Abundant evidence supports a viral etiology for Paget's disease of bone (PD), however, an infectious virus has not been isolated from PD patients. Thus, it is unclear how the virus is maintained for the many years that the disease persists in patients. We considered if a primitive multipotential hematopoietic stem cell (HSC), which is self-renewing, passes the virus to its differentiated progeny and serves as a reservoir for the pathogen. If a primitive stem cell harbored measles virus (MV), then other hematopoietic lineages derived from this stem cell in PD patients should also express MV transcripts. Therefore, because the human hematopoietic stem cell has not been clearly identified or isolated in large numbers, we isolated RNA from highly purified erythroid and multipotential hematopoietic progenitors that are the precursors for erythroid, granulocyte, megakaryocyte and macrophages (CFU-GEMM), and used RT-PCR to determine if MV nucleocapsid transcripts were present. MV transcripts were detected in PD patients in early erythroid (BFU-E) and more primitive multipotential myeloid progenitors (CFU-GEMM). Nonhematopoietic stromal cells from PD patients did not express MV transcripts.

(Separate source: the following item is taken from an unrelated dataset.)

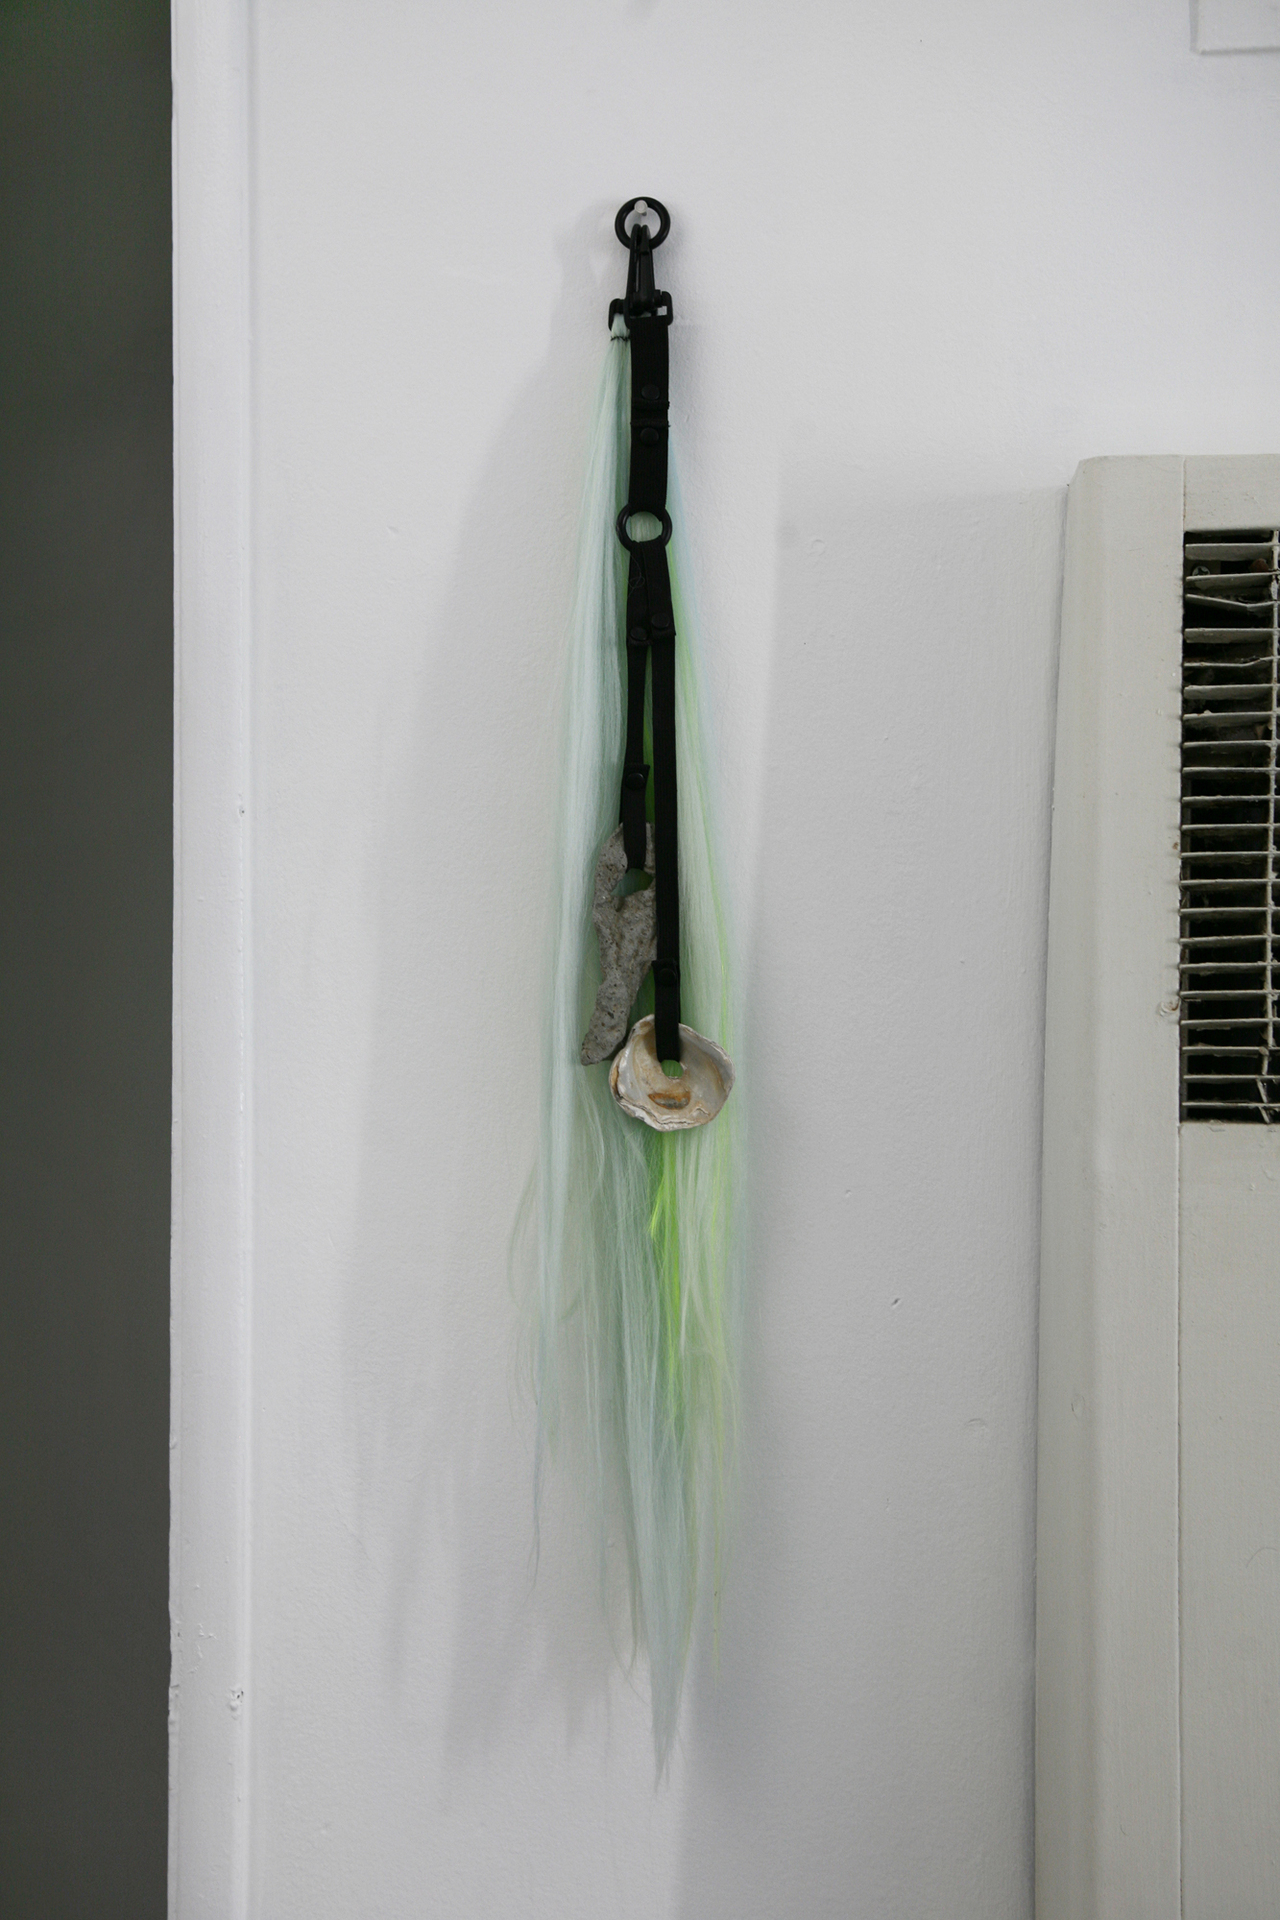 Rachel McRae, Ongoing reconfiguration of elements using a customizable system of elastic straps, athletic snaps and clips II, 2021, oyster shells mud-larked from the Thames with fidget spinners, hag-stones, and fluorescent hair-extensions, dimensions variable

The expression of MV transcripts in erythroid progenitors was further confirmed by in situ hybridization using antisense riboprobes to MV nucleocapsid transcripts. Thus, our findings suggest that the pluripotent HSCs may be a potential reservoir for the virus. We propose that when HSCs, which contain MV, divide they produce a second HSC that serves as a reservoir for the virus and also transmit the virus to their more differentiated progeny in the erythroid and myeloid lineages. This mechanism would permit a defective virus to persist in HSCs of PD patients for many years, since HSCs are usually in G0 phase, and then be transmitted to more differentiated cells. This model further suggests that a mature complete virus that affects cell function could only act pathogenetically in the osteoclast lineage, which offers a permissive milieu.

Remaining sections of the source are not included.